» **Dataset excerpt**
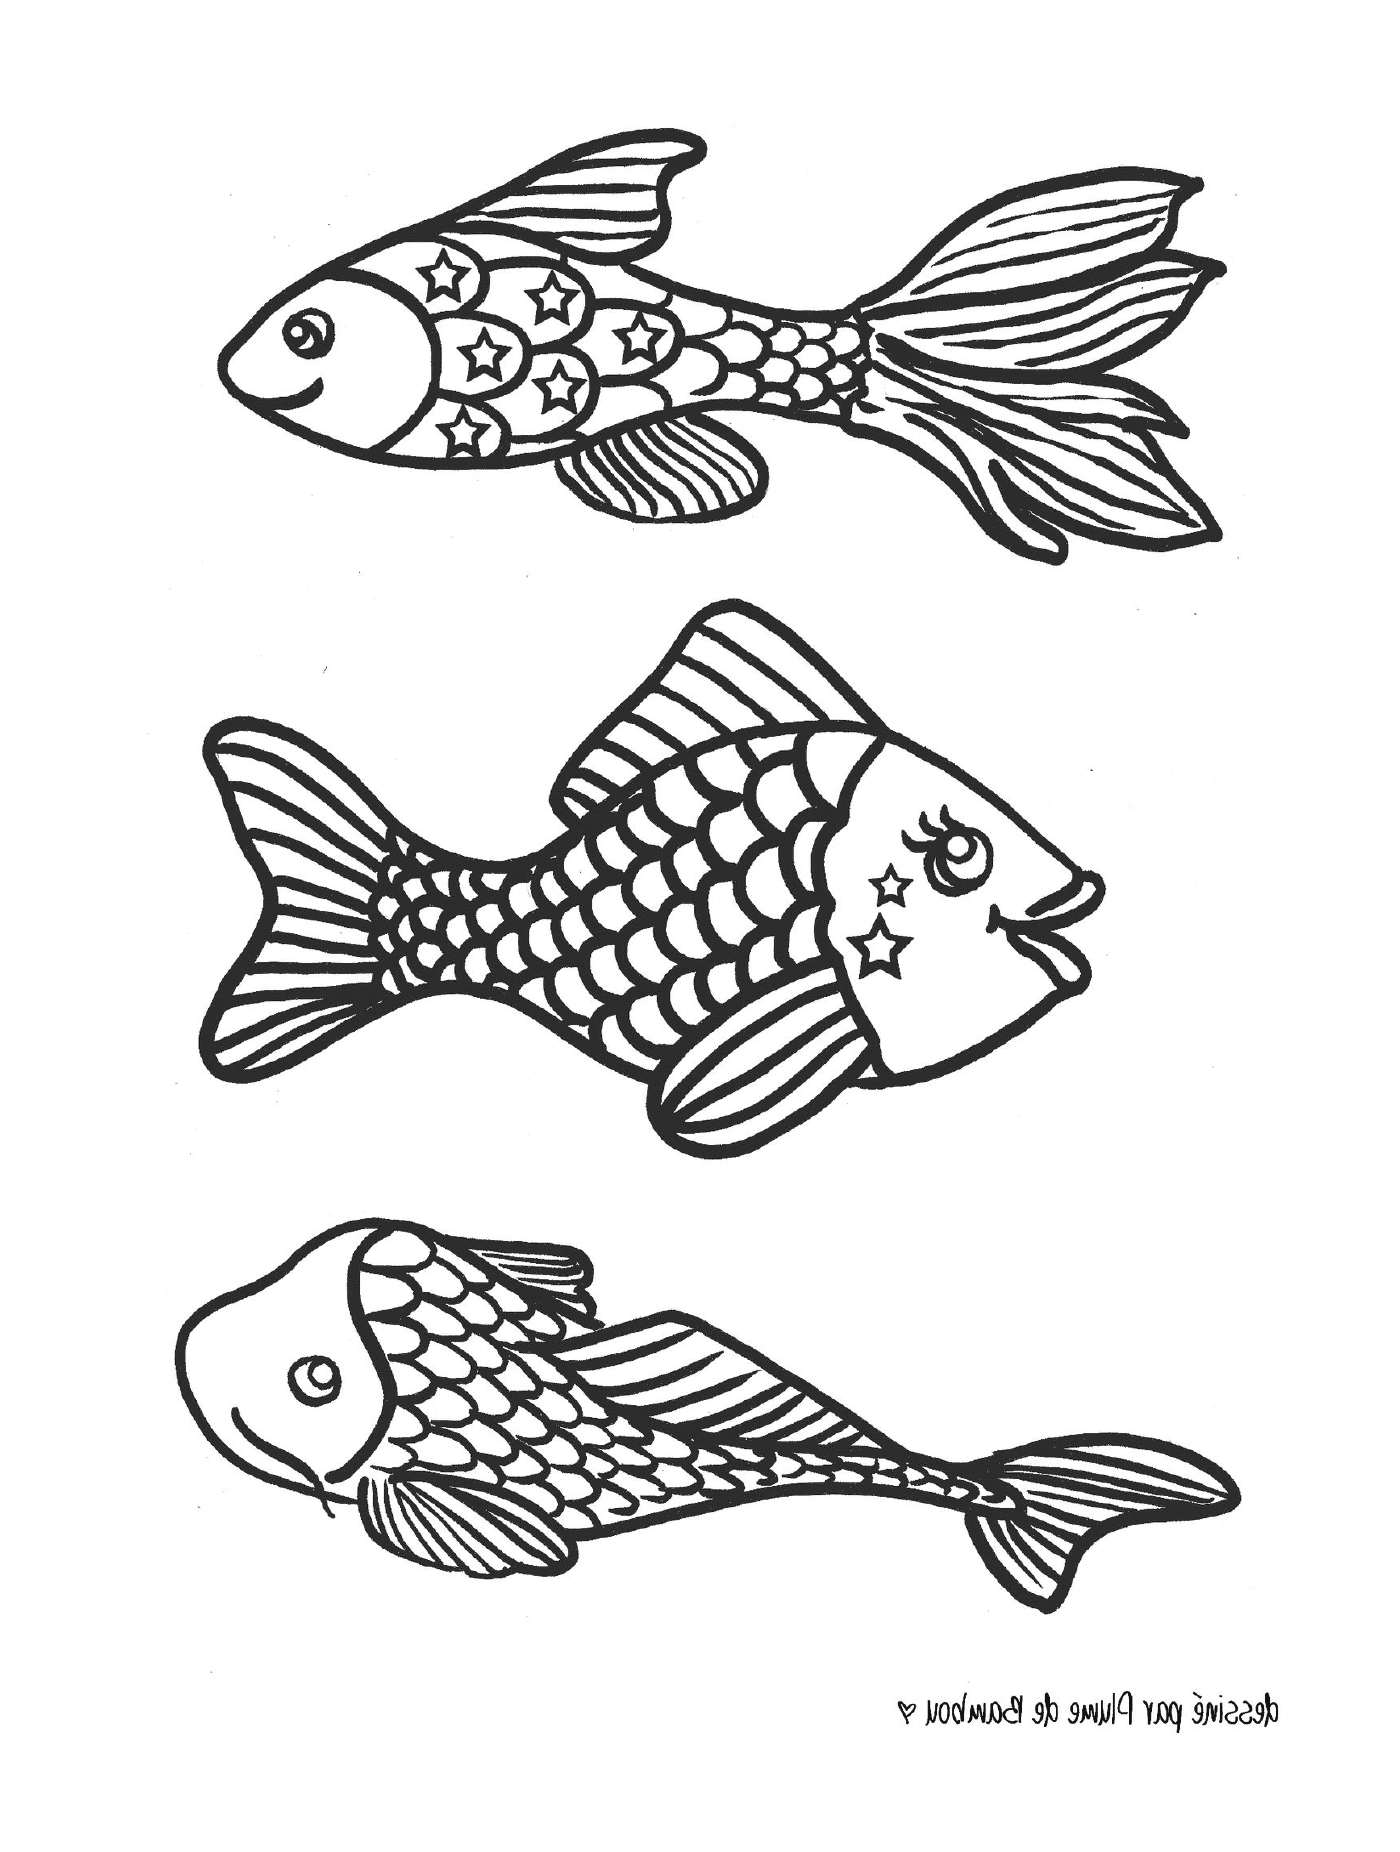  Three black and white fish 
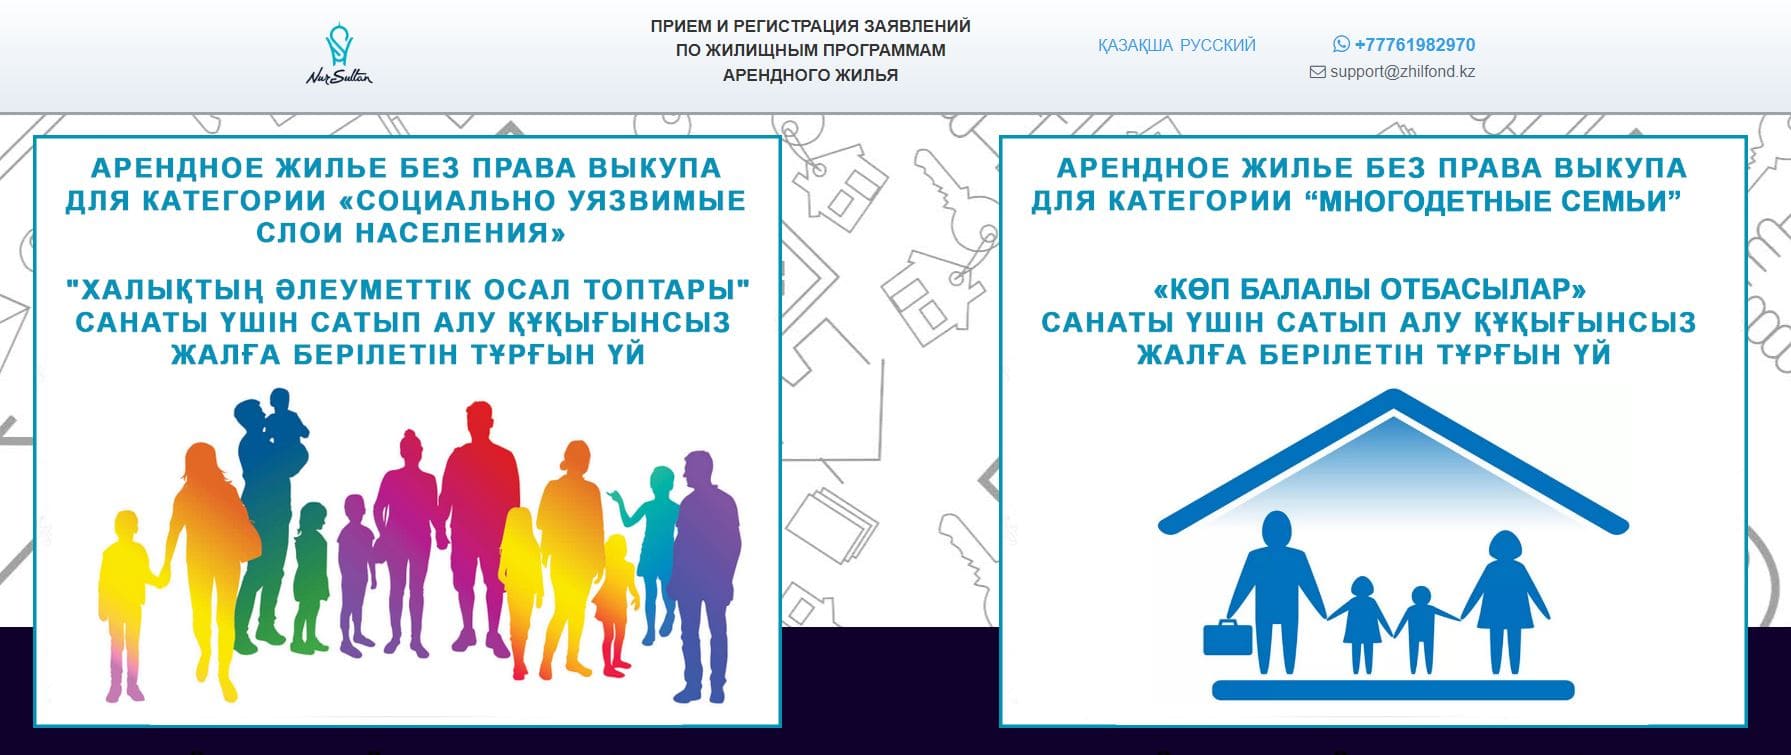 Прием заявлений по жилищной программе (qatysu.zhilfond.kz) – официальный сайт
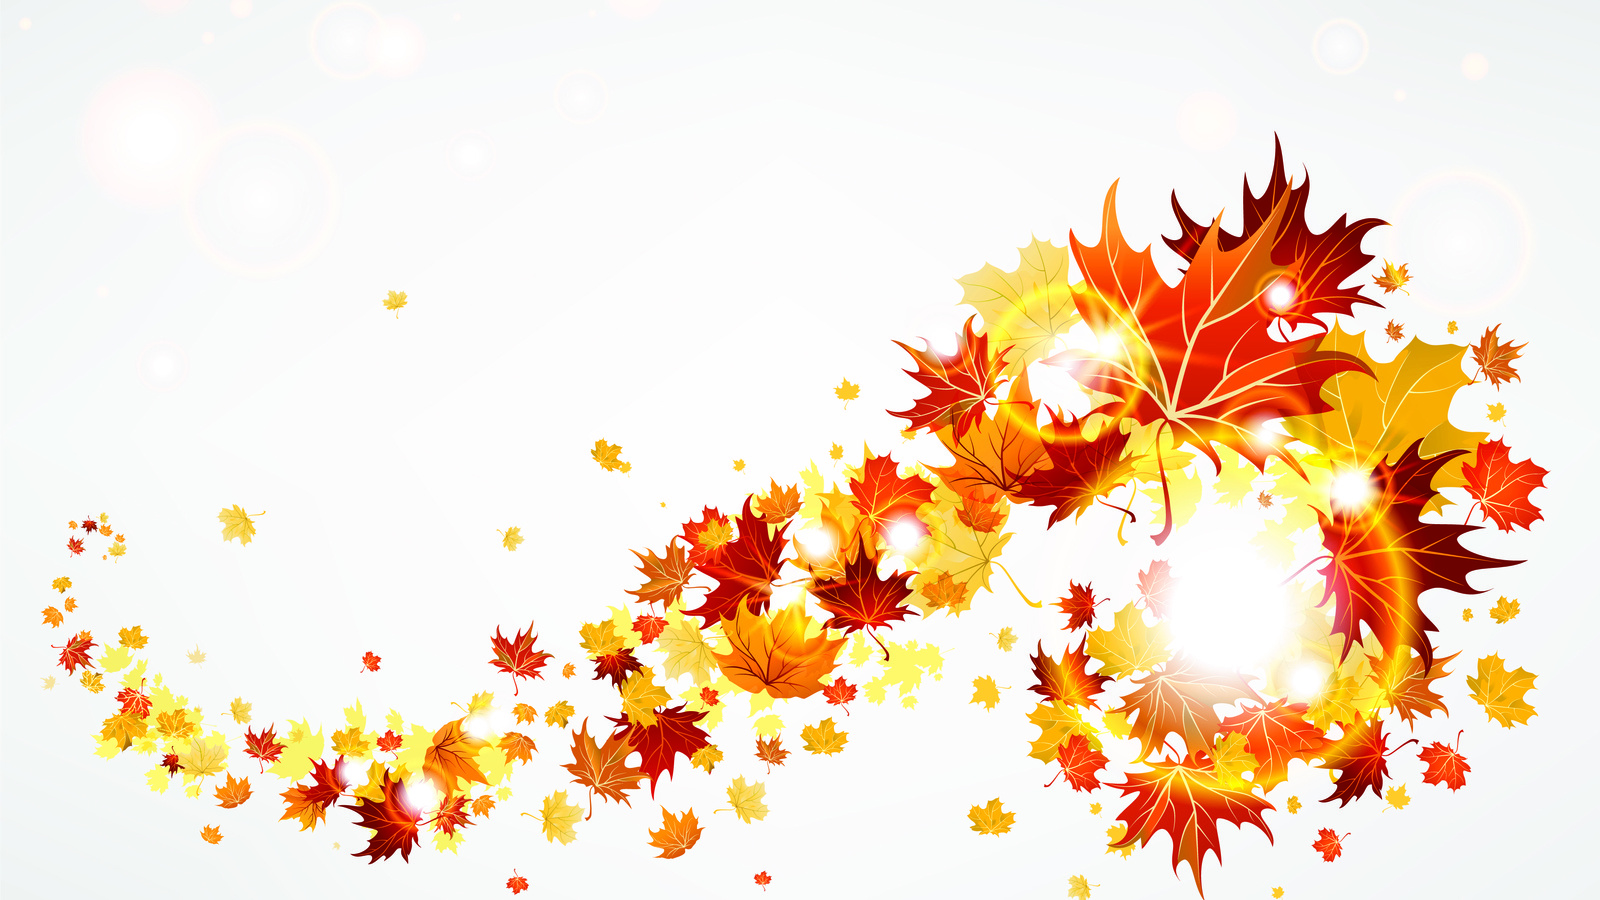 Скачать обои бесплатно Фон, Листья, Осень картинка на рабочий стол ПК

» **Your goal**
With the pictures removed, copy the data above word for word.

» **Reply**
  Three black and white fish 
 Прием заявлений по жилищной программе (qatysu.zhilfond.kz) – официальный сайт
 Скачать обои бесплатно Фон, Листья, Осень картинка на рабочий стол ПК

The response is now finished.